We can see that, in this case, three totally different date/time representations were stored:

•\ DT: This column stored the date/time 27-FEB-2014 16:02:32. The time zone and fractional seconds are lost because we used the DATE type. No time zone conversions were performed at all. We stored the exact date/time inserted, but lost the time zone.

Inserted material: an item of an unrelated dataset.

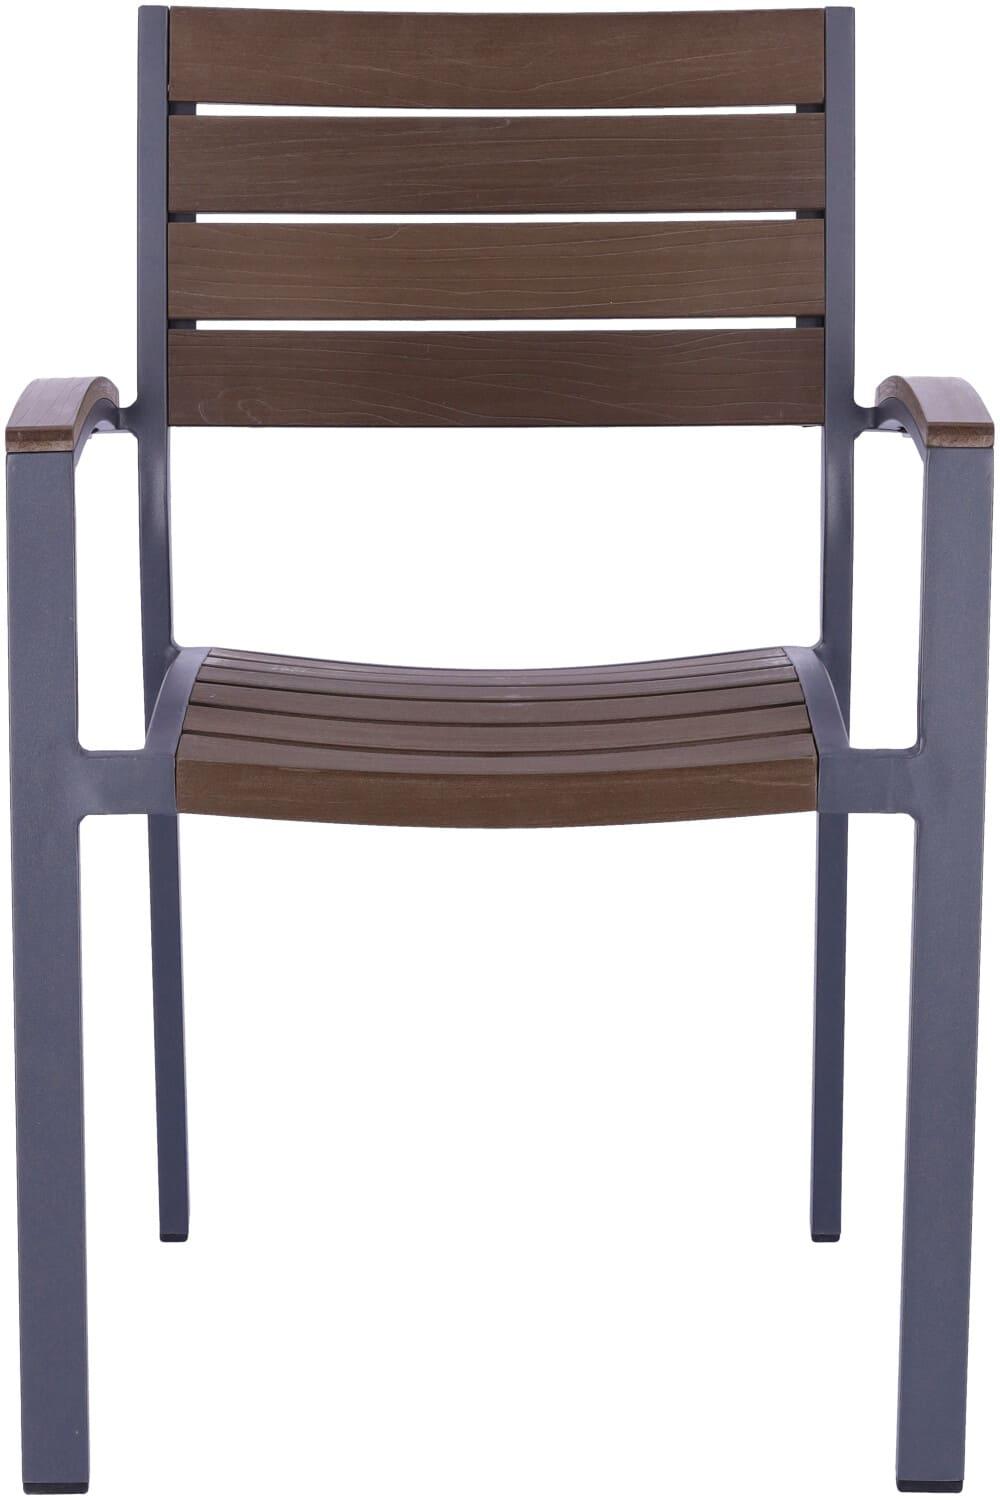 Abbildung arm chair Tito Vorderansicht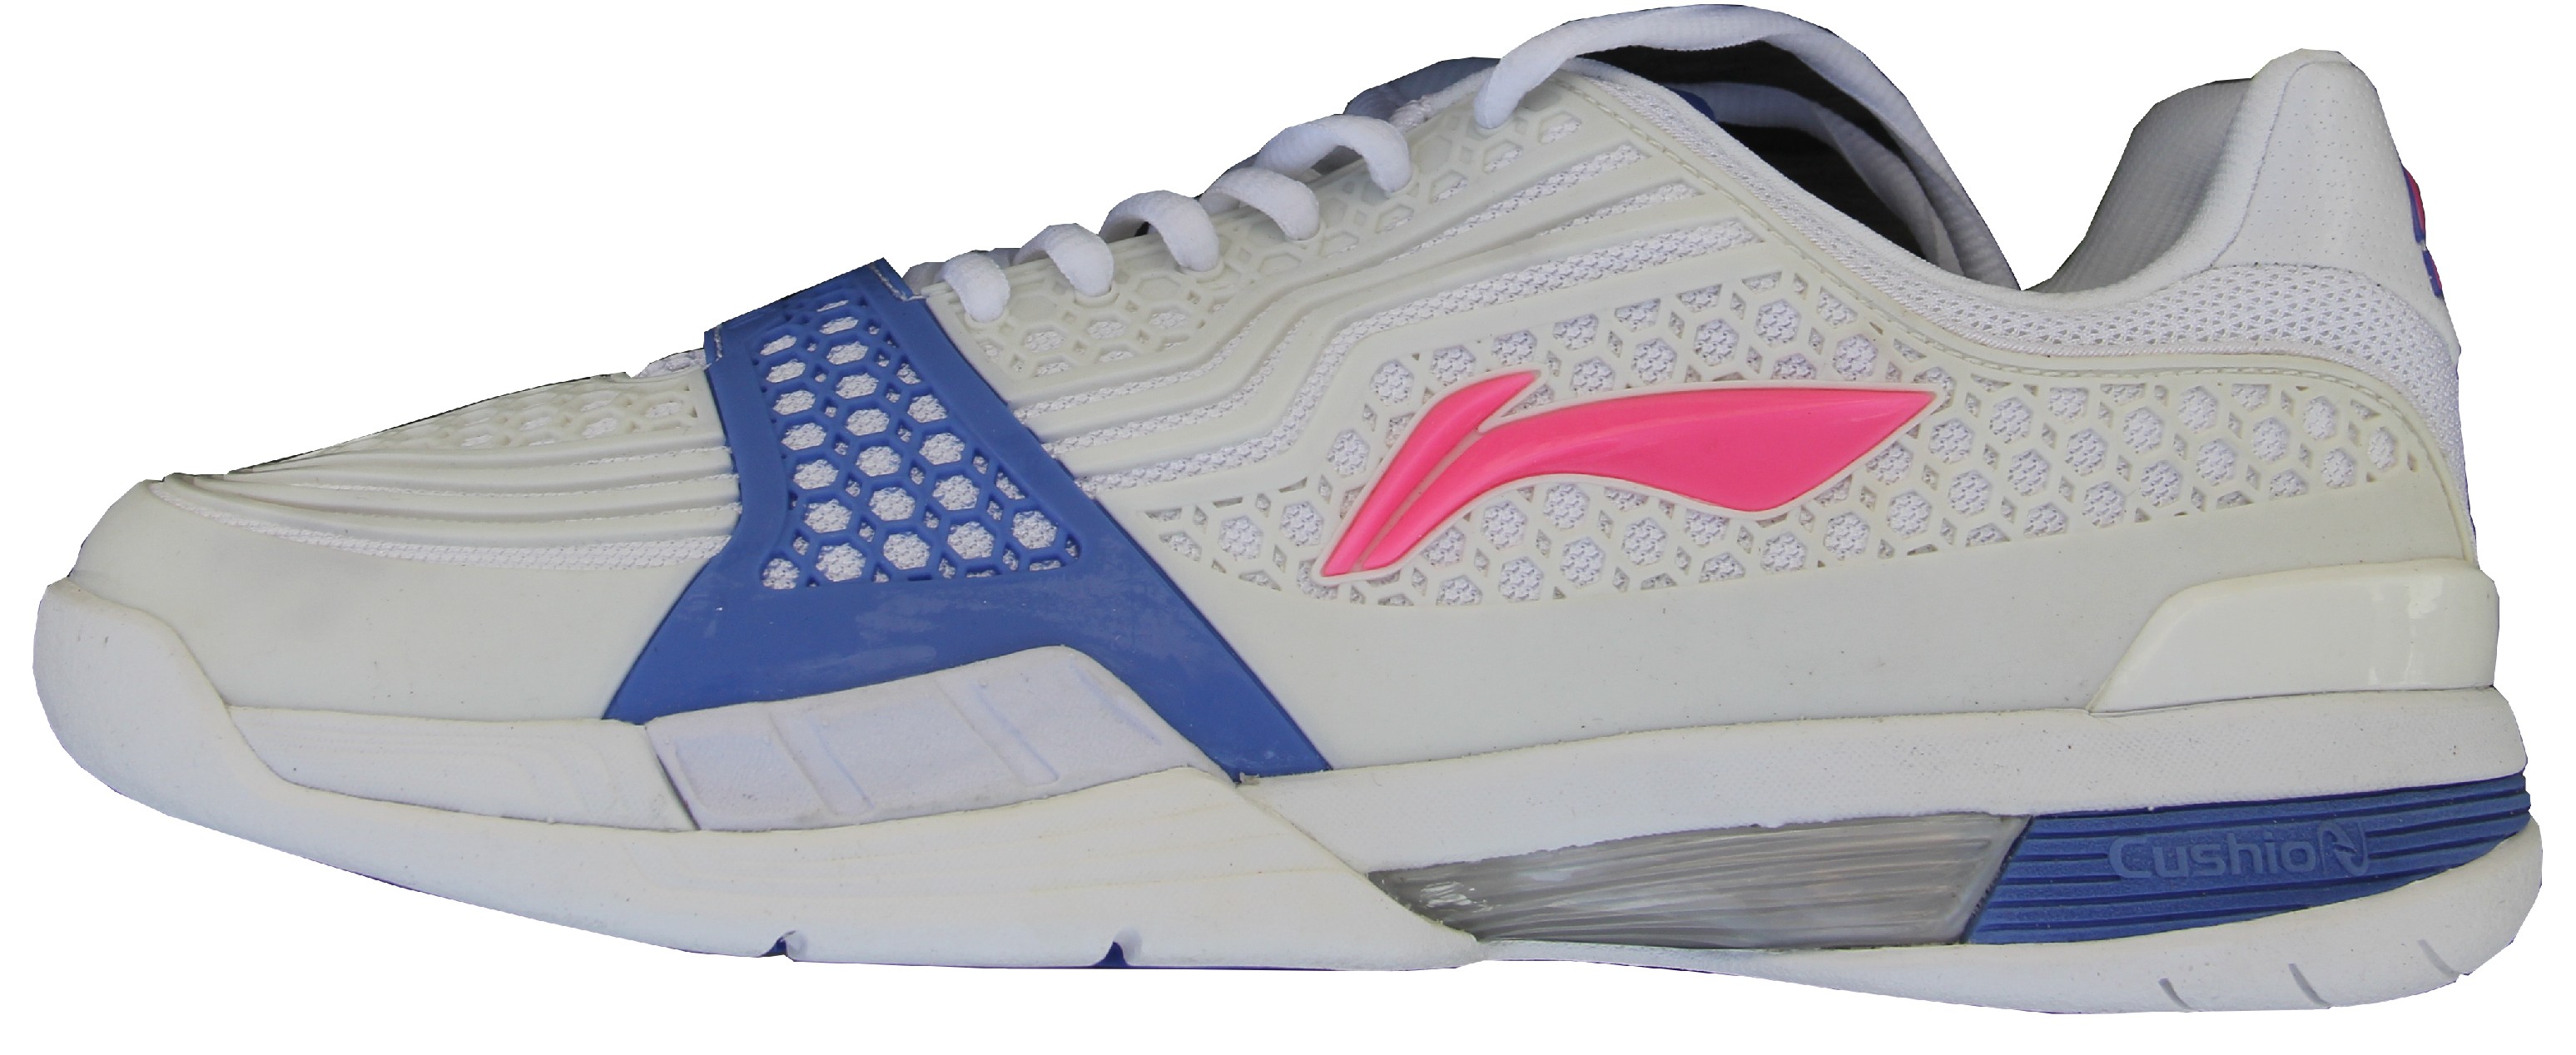 LI-NING PROFI, modrá, TOP tenisová obuv Velikost: 10 USm (EUR 43a2/3, délka stélky 275mm)

•\ TS1: This column preserved the TIME ZONE information and was normalized to be in UTC with respect to that TIME ZONE. The inserted TIMESTAMP value was in the US/Pacific time zone, which at the time of this writing was eight hours off UTC. Therefore, the stored date/time was 28-FEB-2014 00:02:32. It advanced our input time by eight hours to make it UTC time, and it saved the time zone US/Pacific as the last 2 bytes so this data can be properly interpreted later.

•\ TS2: This column is assumed to be in the database’s time zone, which is US/Mountain. Now, 16:02:32 US/Pacific is 17:02:32 US/Mountain, so that is what was stored in the bytes …18,3,33… (excess-1 notation; remember to subtract 1).

Since the TS1 column preserved the original time zone in the last 2 bytes, we’ll see the following upon retrieval:
SQL> select ts1, ts2 from t;TS1 TS2
27-FEB-14 04.02.32.212000 PM US/PACIFIC
27-FEB-14 05.02.32.212000 PM

The database would be able to show that information, but the TS2 column with the LOCAL TIME ZONE (the time zone of the database) shows the time in the database’s time zone, which is the assumed time zone for that column (and in fact all columns in this database with the LOCAL TIME ZONE). My database was in the US/Mountain time zone, so 16:02:32 US/Pacific on the way in is now displayed as 5:00 p.m. Mountain time on the way out.

Note You may get slightly different results if the date was stored when the Standard time zone was in effect and then retrieved when Daylight Savings time is in effect. The output in the prior example would show a two-hour difference instead of what you would intuitively think would be a one-hour difference. I only point this out to drive home the fact that time zone math is much more complex than it appears!

The TIMESTAMP WITH LOCAL TIME ZONE provides sufficient support for most applications, if you need not remember the source time zone, but only need a datatype that provides consistent worldwide handling of date/time types. Additionally, the TIMESTAMP(0) WITH LOCAL TIME ZONE provides you the equivalent of a DATE type with time zone support—it consumes 7 bytes of storage and the ability to have the dates stored normalized in UTC form.

One caveat with regard to the TIMESTAMP WITH LOCAL TIME ZONE type is that once you create tables with this column, you will find your database’s time zone is frozen— and you will not be able to change it:
SQL> alter database set time_zone = ‘PST’; alter database set time_zone = ‘PST’ *ERROR at line 1:ORA-30079: cannot alter database timezone when database hasTIMESTAMP WITH LOCAL TIME ZONE columns
SQL> !oerr ora 30079

30079, 00000, “cannot alter database timezone when database has TIMESTAMP WITH LOCAL TIME ZONE columns”
// *Cause: An attempt was made to alter database timezone with
// TIMESTAMP WITH LOCAL TIME ZONE column in the database.
// *Action: Either do not alter database timezone or first drop all the
// TIMESTAMP WITH LOCAL TIME ZONE columns.

It should be obvious why: if you were to change the database’s time zone, you would have to rewrite every single table with a TIMESTAMP WITH LOCAL TIME ZONE because their current values would be wrong, given the new time zone!